For DC circuits, tests aiming at use of chopper controls were conducted simultaneously with the start of thyristor application. The private railways began mass-producing and introducing thyristor-controlled EMUs in 1970, and thyristor-controlled cars with the world's first regenerative brakes in 1971.
Starting in the 1980s, the DC drive system abandoned choppers with DC motors, changing to inverters and induction motors. GTO thyristors capable of withstanding 4500 V were adapted to the standard voltage of 1.5 kV for DC electrification. For a considerable period, only Japanese electrical equipment manufacturers were able to produce GTO thyristors suitable for rolling stock.
Although it is easy to make GTO thyristors that can withstand high voltages, it is hard to ensure high operating frequency. Various new integrated devices were made later and their application to railways is important, even in the case of devices not developed specifically for trains. European railways are also very interested in the potential offered by these devices.

EMU Trains
As far back as the 1930s, private railways were mainly operating electric railcars in cities and urban areas.
As previously mentioned, JNR introduced EMUs for long distance express services in the late 1950s. As a result, the shinkansen in EMUs was born... However, in Europe, trams and subway trains were seen as having little in common with main-line railways so when main lines in Europe were electrified, steam and diesel locomotives were replaced by electric locomotives with almost no consideration given to distributed power.
In the days when all electric trains were driven by DC motors, European and Japanese engineers would sometimes engage in discussions on which drive was more effective. The Europeans favoured trains hauled by locomotives. The Japanese favoured multiple units but were unable to show any great advantage of distributed power except for lower axle loads. In Europe, distributed power was believed to make little economic sense even in the case of the all-powered three-car Swiss ABDe12/12 used for suburban transport and the all-powered four-car ET-403 high-speed railcars produced in Germany for comparison purposes.
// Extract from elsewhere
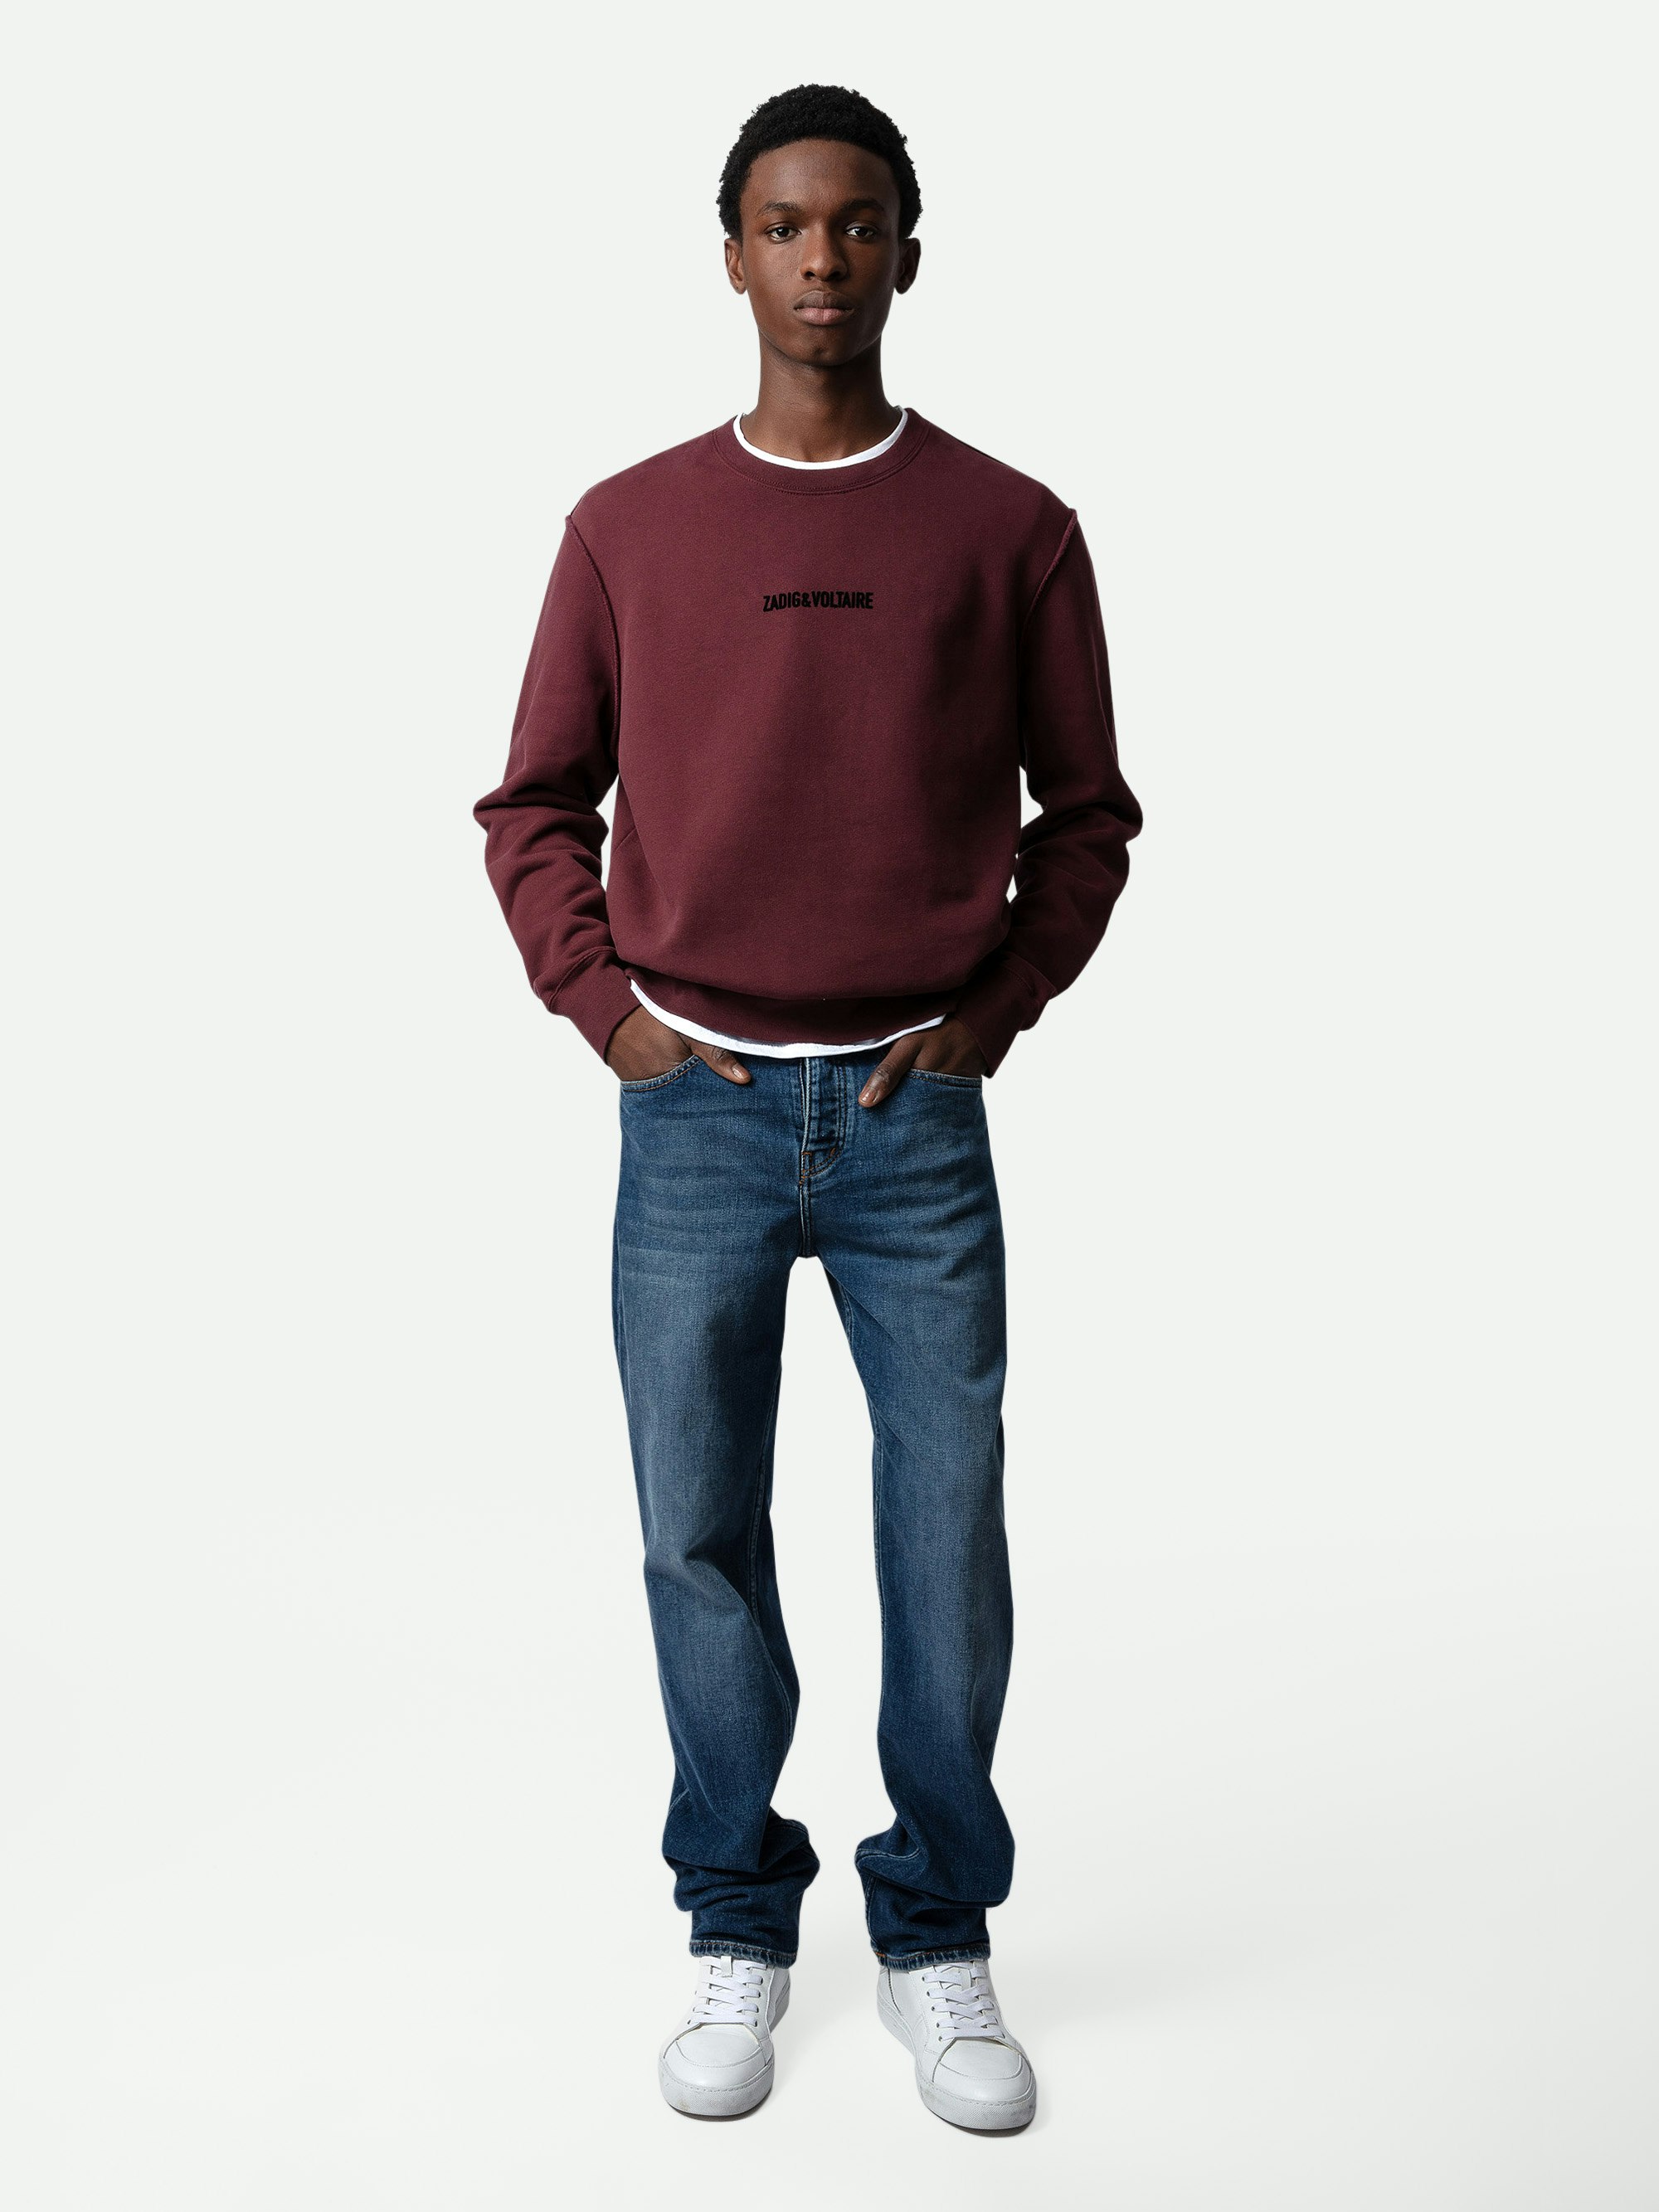 Simba Sweatshirt - Burgundy long-sleeved sweatshirt with signature and Doberman print.

In the absence of a compelling economic reason, no other models were built in Europe. And since it was a fact that Britain's locomotive-hauled HST exhibited stable operation—something that had been considered impossible in Japan from the adhesion viewpoint—Japanese arguments lacked persuasiveness.
But with the introduction of AC motors, the disadvantage of having many traction motors has been reduced in terms of weight and maintenance. The advantage of regenerative braking, which converts the high kinetic energy of moving trains to electric power, has even increased. Finally, the Japanese argument appears to have won the day and EMUs are now appearing in increasing numbers in Europe, where locomotive-hauled trains have long remained in favour. Distributed power is superior, especially in fast trains where kinetic energy levels are high, and using electric regenerative braking to absorb kinetic energy reduces car weight and brake heat generation better than any other braking method.
In addition, since the inverters on EMUs are true four quadrant controllers, it is possible to use electrical braking to a complete stop. This eliminates the various problems that occur when mixing electrical and friction braking. The technologies for integrated systems are currently available only in Japan.

Safety precautions
Little thought is given in Japan to the passenger's responsibility to ensure his or her own safety while riding on public transportation. Even if an accident occurs due to a passenger's carelessness, the transport company is often held to blame.
Within this social context, exhaustive safety measures were taken in the wake of three serious JNR accidents—each involving the death of more then 100 people—leading to much higher safety levels.
Soon after a disastrous fire at Sakuragi-cho near Yokohama in 1951, all railcars were improved by provision of a through passage to adjoining cars for evacuation; signs indicating how to open doors in an emergency; window structures to permit evacuation; fire-resistant cars, and mechanisms permitting rapid power shutdown to reduce the possiblity of fire in the first place.
After a driver ignored a stop signal and caused a dual collision at Mikawashima in Tokyo in 1962, the old Automatic Warning System (AWS) used on some track sections was changed to an on-board Automatic Train Protection (ATP) system, called Automatic Train Stop (ATS) in Japan.
Another dual collision at Tsurumi in Yokohama in 1963 was due mainly to the derailment of a four-wheel freight wagon. Since this was a multi-factor derailment, it was investigated exhaustively with much testing on the abandoned Karikachi Line in Hokkaido. Following the tests, tens of thousands of four-wheel freight wagons were modified to double-link suspension and a safer maximum speed was specified for each wagon type.
The ATS system had been installed on all 20,000 km of JNR lines and in all drivers' cabs by 1966. This greatly reduced the number of accidents caused by ignoring signals but did not eradicate them completely, because ATS was configured in such a way that the driver could release the stop function by pressing a check button after an alarm. Therefore, the MOT instructed the major private railways, who had followed JNR's footsteps and adopted ATS, to install a more sophisticated ATS with a speed-checking function not released by a check operation. This also helped prevent accidents caused by overspeeding. JNR (and then the JRs) upgraded their ATS, installing functions equivalent to those of the private railways or replacing ATS with Automatic Train Control (ATC) on trunk lines. These measures have prevented almost all accidents caused by violating signals.
Another train fire caused by flames spreading from a coal cooking stove while a train was passing through the Hokuriku Tunnel in 1972 led to strengthened fire regulations for cars used in long tunnels. Train operations were also modified by requiring the train to move out of the tunnel rather than stop immediately after a fire breaks out in a long tunnel.
A system that reduces train speed before an earthquake wave hits the track has been installed on the shinkansen lines. Seismometers on the coast detect early earthquake waves and send signals that immediately command trains to stop.
After another multi-factor derailment on the Hibiya Line in Tokyo in March 2000, measures have been taken recently to control unbalanced loads on left and right wheels.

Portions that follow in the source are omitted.